If successful, the output is NO2 mixing ratios in pptv. Other output is the estimated error on the NO2 mixing ratio and the mean cloud top pressure (hPa) for the cluster.
If the cloud-slicing step is unsuccessful, all values are NaN and a reason the cloud-slicing failed is provided.
Use as part of a Python script:
from uptrop.cloud_slice_ut_no2 import cldslice, CLOUD_SLICE_ERROR_ENUM
# Dummy functions
partial_columns = get_partial_cloud_columns()
cloud_top_heights = get_cloud_top_heights()
ratio, ratio_error, exception_number, mean_cloud_error = cldslice(partial_columns, cloud_top_heights)
if exception_number != 0:
print(CLOUD_SLICE_ERROR_ENUM[exception_number])
print("Cloud ratio: {}".format(ratio))
print("Cloud ratio error: {}".format(ratio_error))

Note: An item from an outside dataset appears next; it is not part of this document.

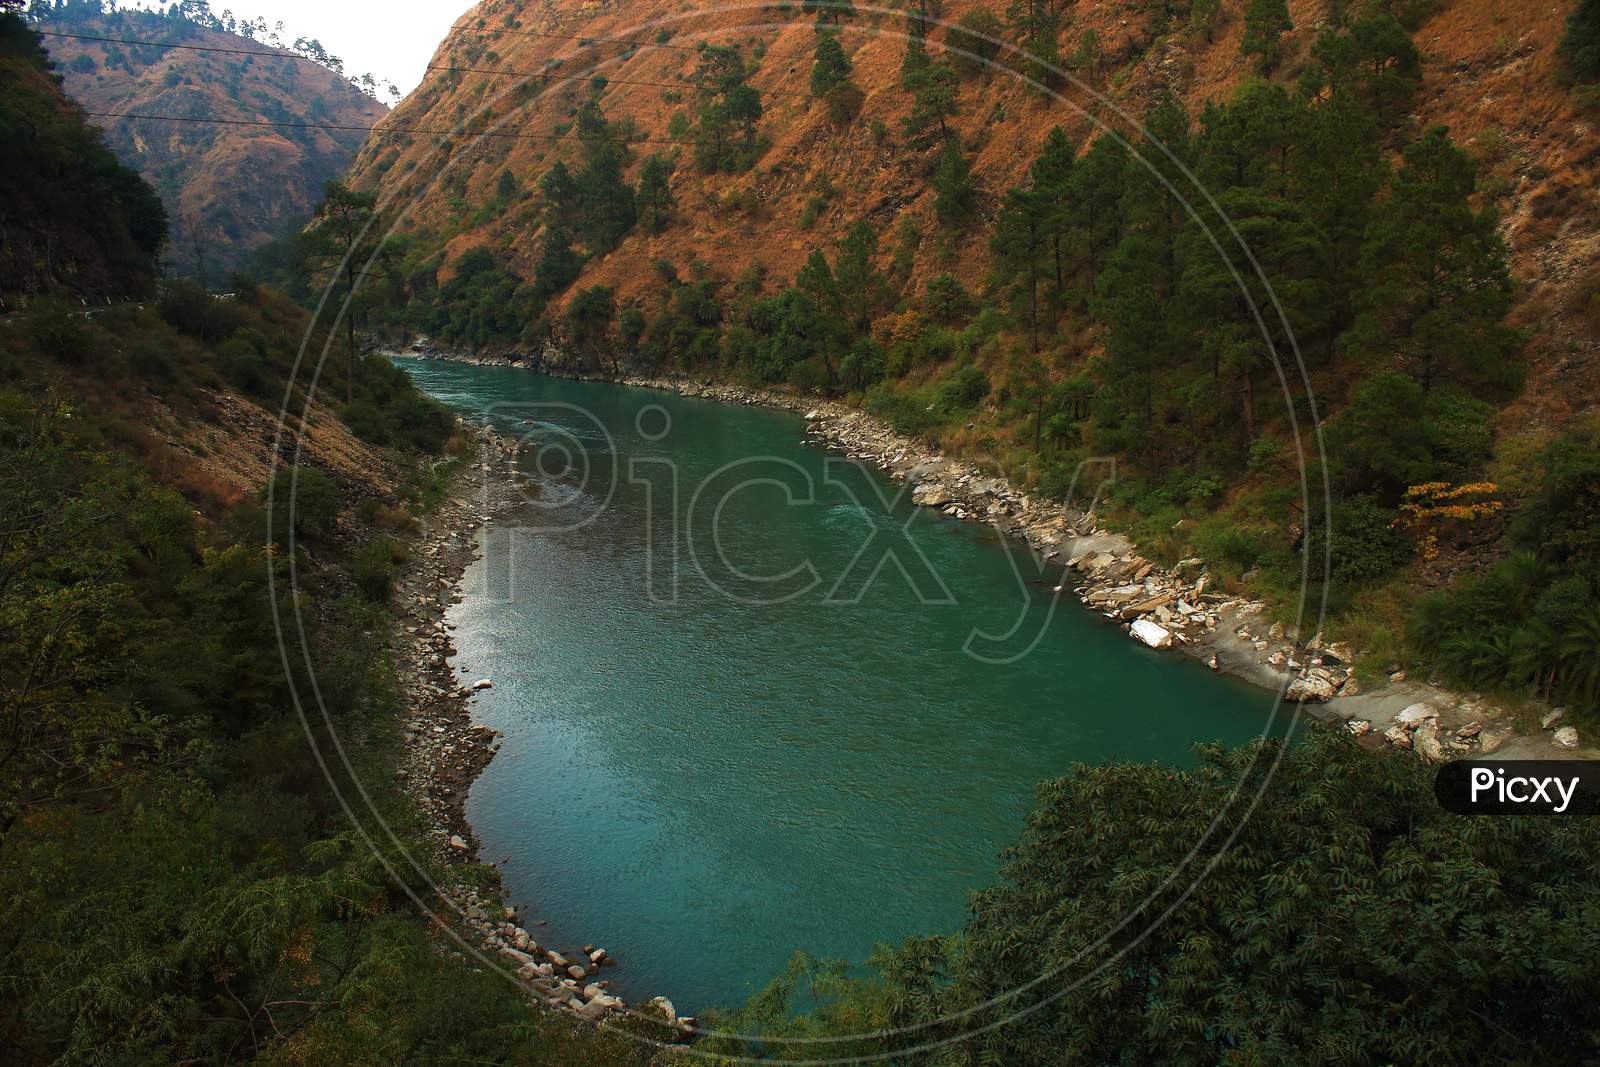 Vyas river flowing aqua color water, from Himalaya vally,

print("Mean cloud error: {}".format(mean_cloud_error))
compare_tropomi_pandora
Code to compare TROPOMI and Pandora column NO2 at high altitude sites to assess skill of TROPOMI at reproducing Pandora observations of free tropospheric NO2.
Code is set up to process Pandora total or tropospheric column NO2 at the Mauna Loa, Izana, or Altzomoni sites.
usage: compare_tropomi_pandora.py [-h] [--trop_dir TROP_DIR]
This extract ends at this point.